Collected material:
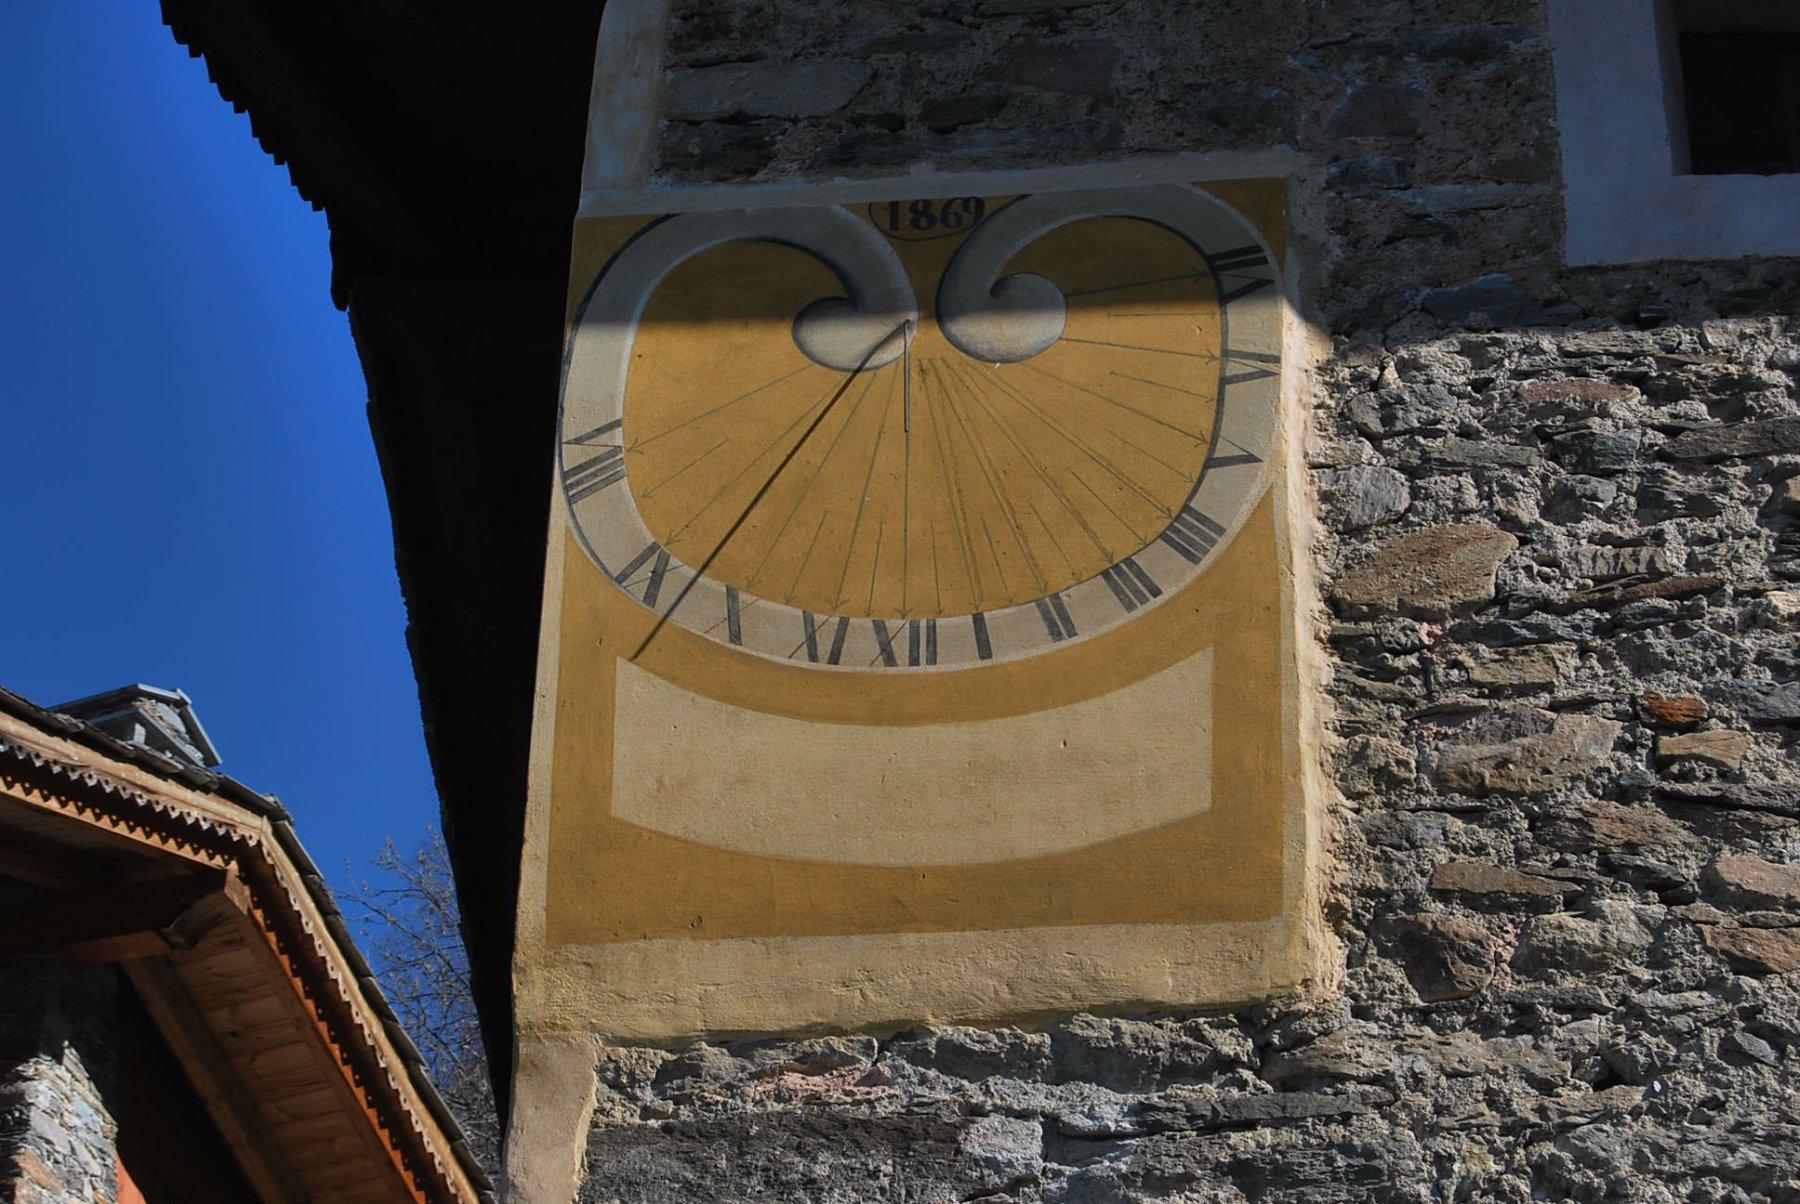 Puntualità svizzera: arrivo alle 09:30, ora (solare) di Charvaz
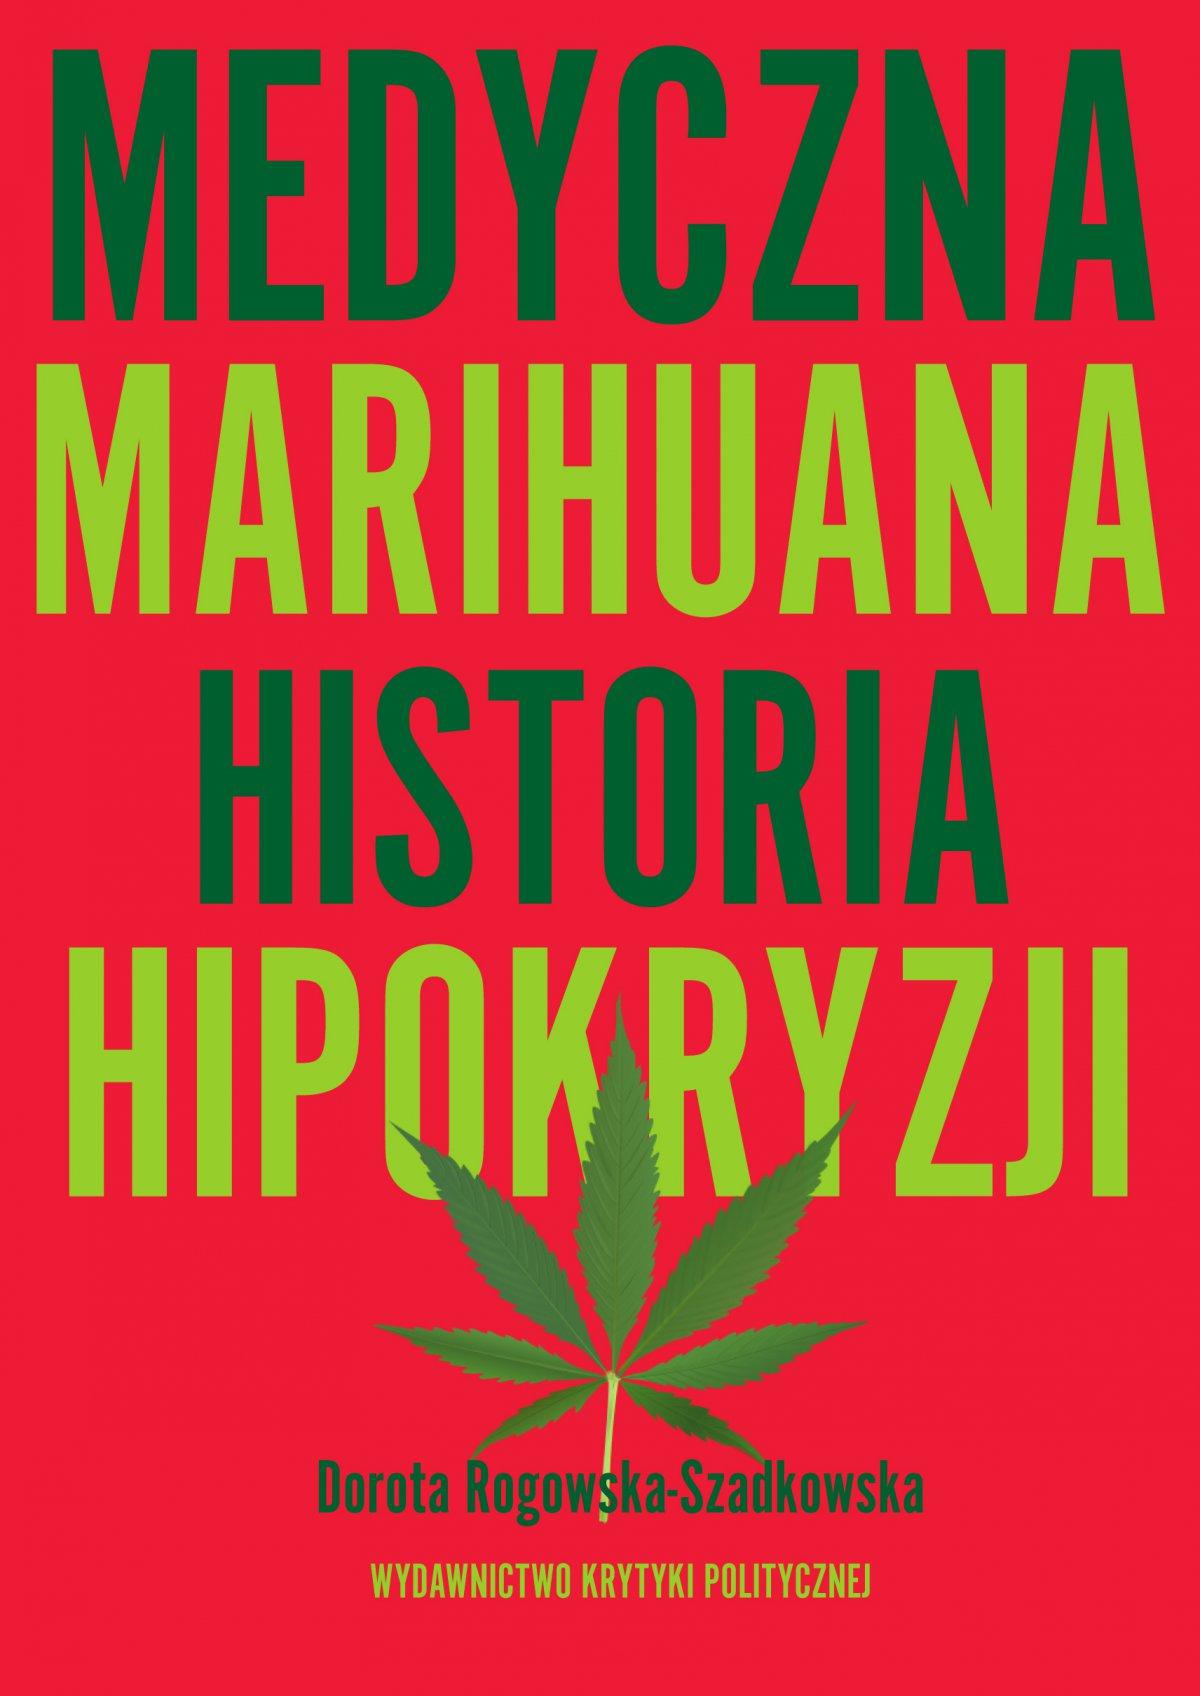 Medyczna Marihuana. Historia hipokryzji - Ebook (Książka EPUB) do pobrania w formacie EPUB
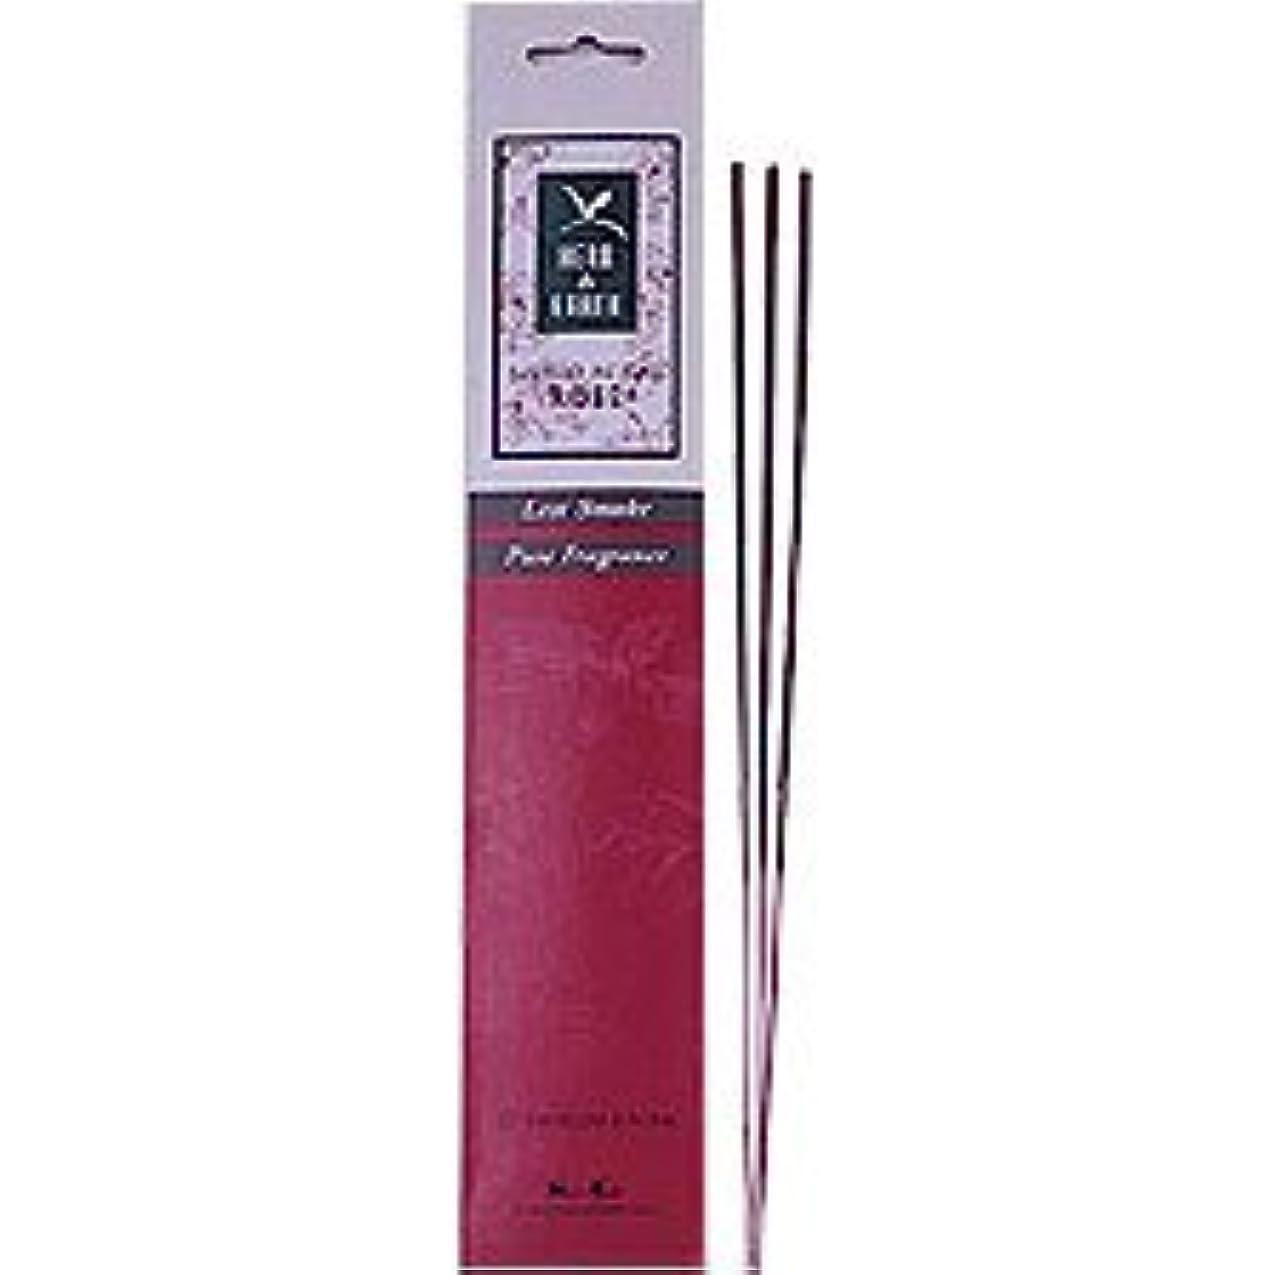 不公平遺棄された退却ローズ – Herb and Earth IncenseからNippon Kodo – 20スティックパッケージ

What to produce: Output the whole listing again, exactly, without its pictures.

Task solution:
 Puntualità svizzera: arrivo alle 09:30, ora (solare) di Charvaz
 Medyczna Marihuana. Historia hipokryzji - Ebook (Książka EPUB) do pobrania w formacie EPUB
 不公平遺棄された退却ローズ – Herb and Earth IncenseからNippon Kodo – 20スティックパッケージ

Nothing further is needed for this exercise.